A recent dog whisperer episode addressed this very same behavior in a Maltese. This one's ankle biting escalated to the point that he was starting to break skin. You might want to see if you can find a copy of that episode.


----------



## Guest (Jul 25, 2005)

> _Originally posted by rpcvkatherine_@Jul 24 2005, 10:34 PM
> *Sophie always bites my parents, sister, friends' ankles on their way out of my house.  She does this at my parents house as well.  She never goes after me, but as soon as someone heads for the door, she begins her attack.  I had her in the office a couple times, and she did that to a couple of my staff when they were leaving my office.  (she managed to rip a hole in the pants of a good friend, which surprised me since I had to have 8 teeth removed, including her front teeth).
> 
> She was a stray and is about 5 years old.  I have had her for a year + now and this has been going on since day one of her coming home to my house.
> ...


[/QUOTE]


----------



## Laceys mom (Nov 12, 2004)

Lacey does this to my husband...only him. I think she thinks it is a game. She has never bit him but she will go after his pants. If he has shorts on she leaves him alone.
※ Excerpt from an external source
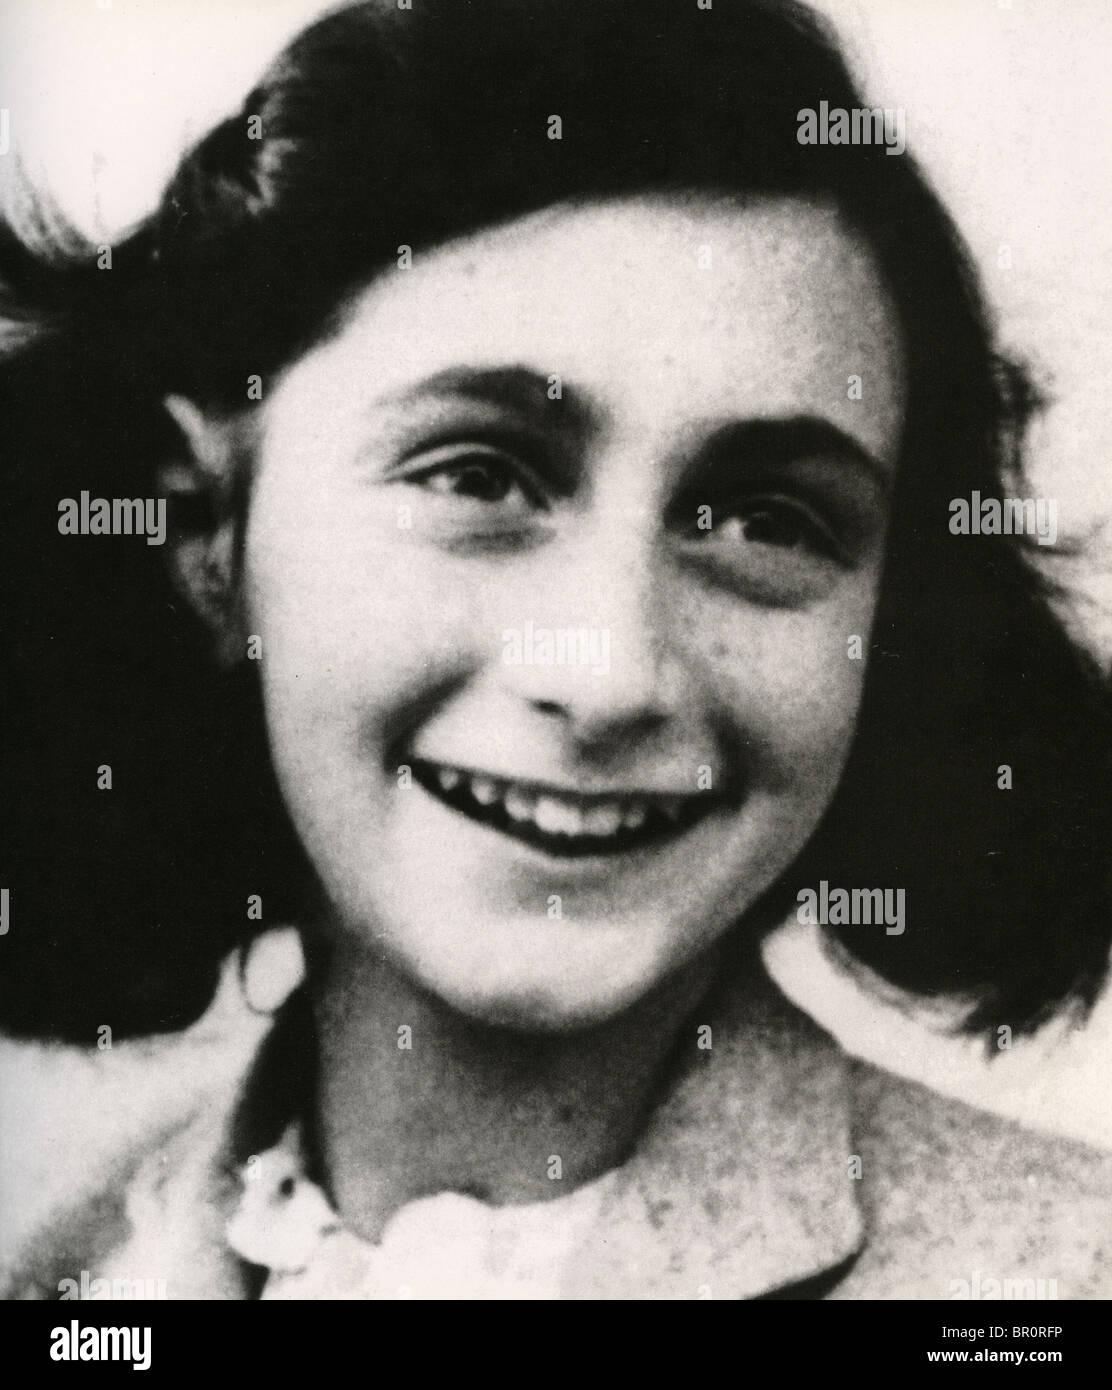 La casa di Anna Frank (1929-1945) ebreo olandese vittima di olocausto Immagini Stock

She prances at his legs and does this cute little bark. I think she thinks this is his way of playing with her.


----------



## Furbaby's Mommie (Jul 10, 2004)

Sounds like an aggressive thing to me. See this link Here.


----------



## MalteseJane (Nov 21, 2004)

In a puppy you think it's a puppy thing, something moving and try to catch it and it's funny to them. In an adult it's different but I don't think it's really agressive. I think more of they don't want you to live. Of course it's annoying and you have to break that habit.


----------



## kodie (Aug 24, 2004)

Kodie will sometimes grab the bottom of my jeans and pull me to try to get my attention when he knows i'm leaving.. haha.. he doesnt bite...


----------